I found old journals. So my Christmas present to you is that I will post some of the more interesting entries between now and Christmas. Because nothing says "Christ is born" like my own personal humiliation via the internet.
Let me tell you about Ben. He makes me believe in love at first sight. (Oh. Great. I'm already ready to die because now I know how this love story would have ended, and let me just say it would have involved a trailer park and starring on an episode of Cops. 17 year old me didn't date a lot.) He's adorable, but not gorgeous or anywhere close to perfect.

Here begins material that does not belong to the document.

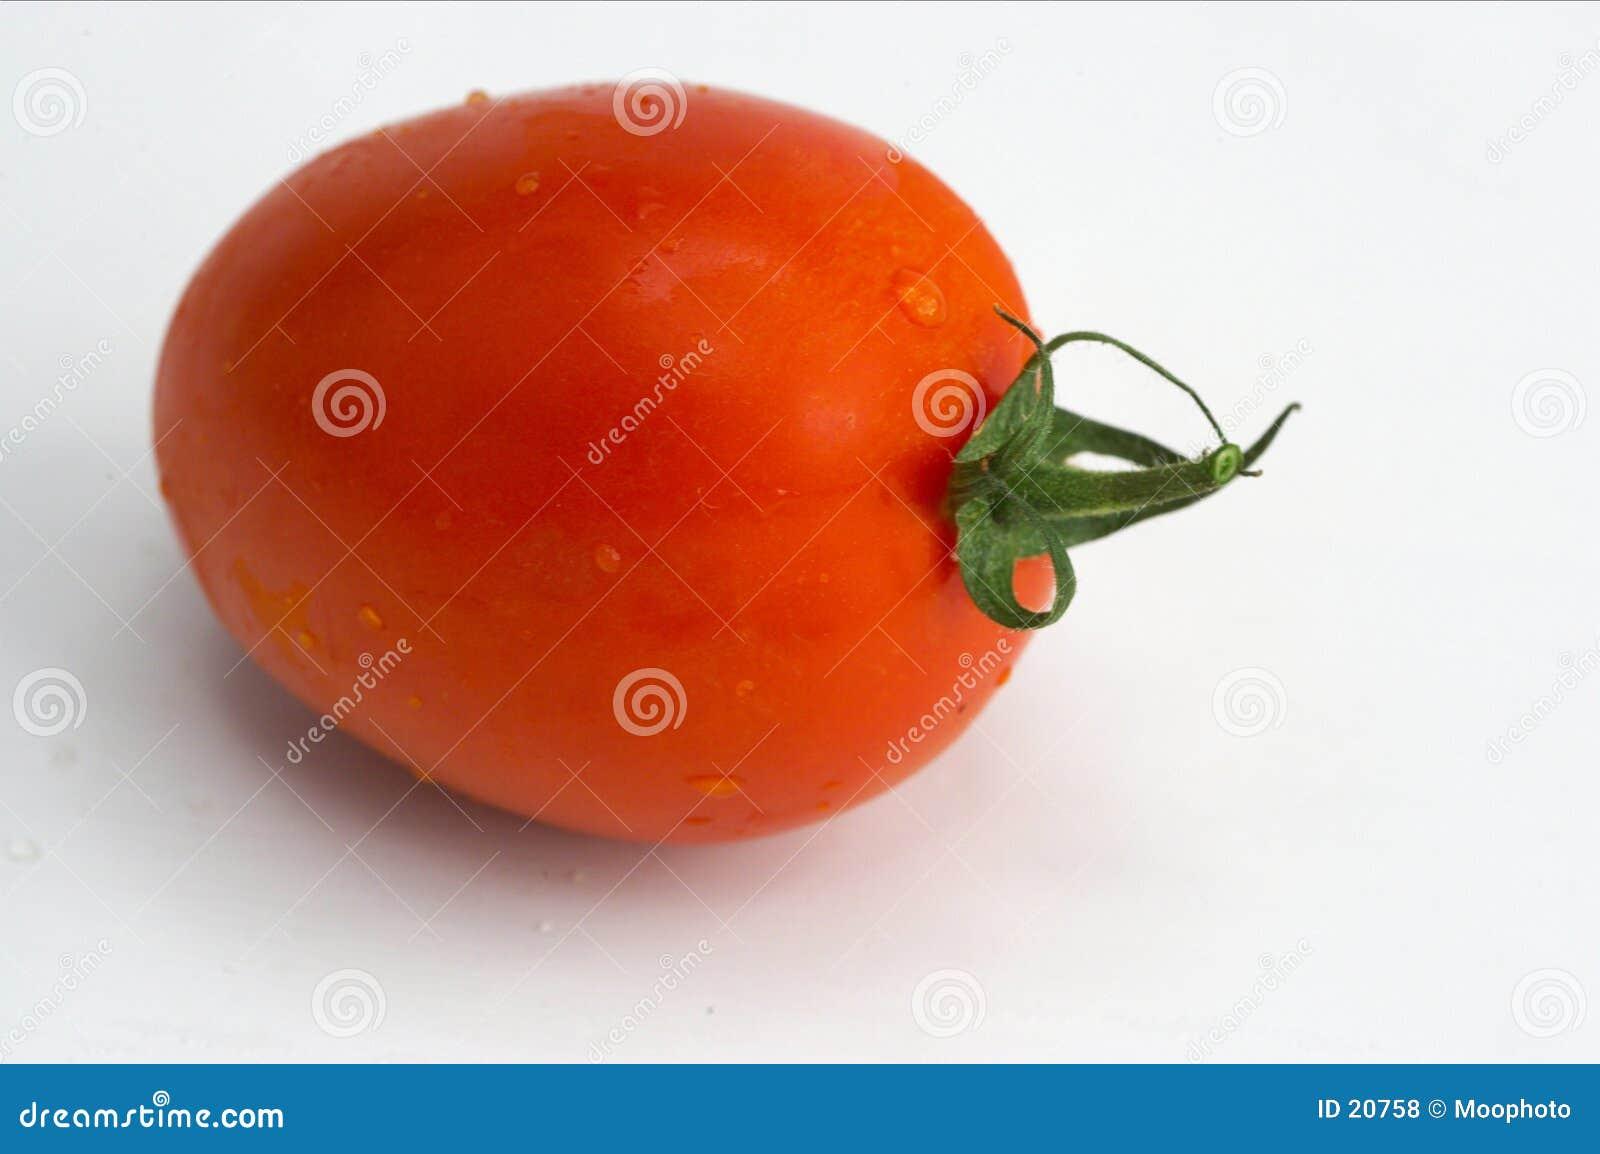 Tomatoe roma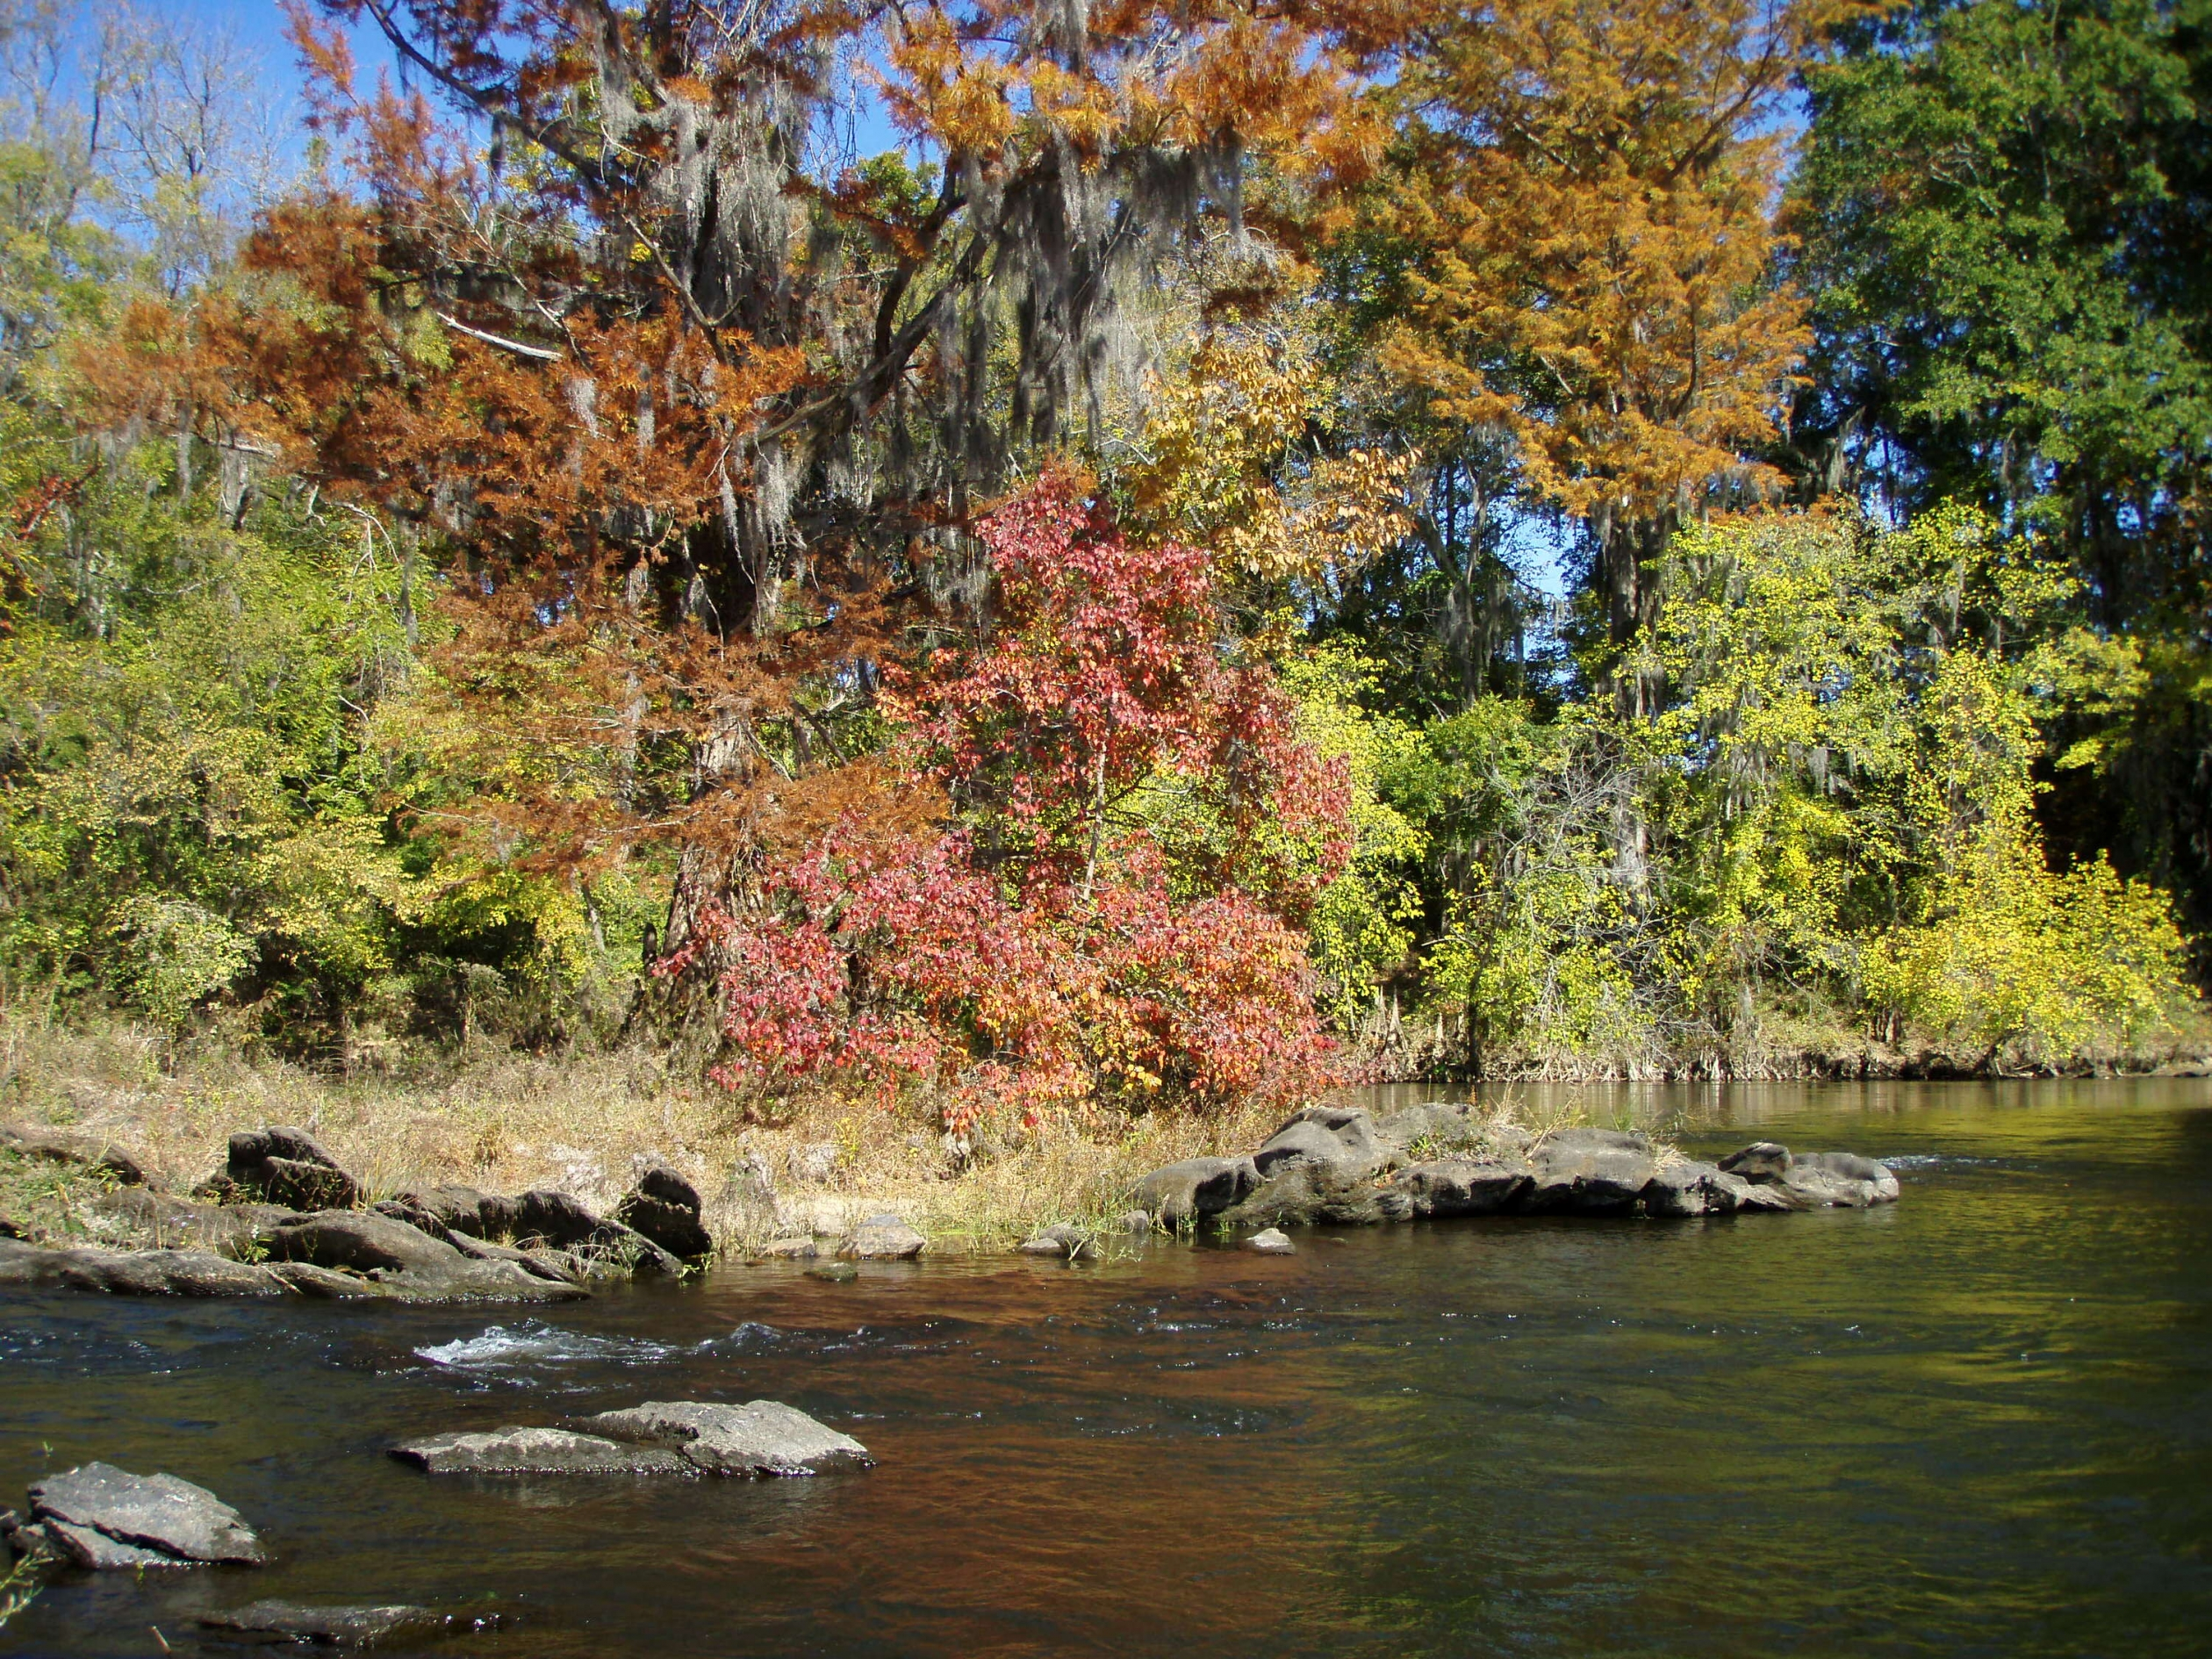 Rojo, naranja y hojas verdes en árboles que bordean las orillas del río Coosa Alabama a lo largo del río rastro escénico

I don't know him very well, but we have really good chemistry. (At least I didn't call it "a connection".) I know he has a really playful, goodnatured personality. (He was a pothead.) I know he just broke up with his long time girlfriend because she cheated on him several times. But they were not together last August, because he was talking to me and stopped because she lived in Dover. Where he lives. (Long time is relative at 17, I guess.) That's our main problem - 100 miles and a mountain. (He was a pothead. A meth dealing pothead. But you know, the distance and the mountain, that's the important stuff.)I really really like him so much. (Not the first pothead I really really liked so much) I know that he likes me too, but I'm afraid that Ben will let the distance stop us from having a relationship that could be very mutually satisfying.
There are so many things I could say about that last line, but I think it will be more mutually satisfying to let it speak for itself.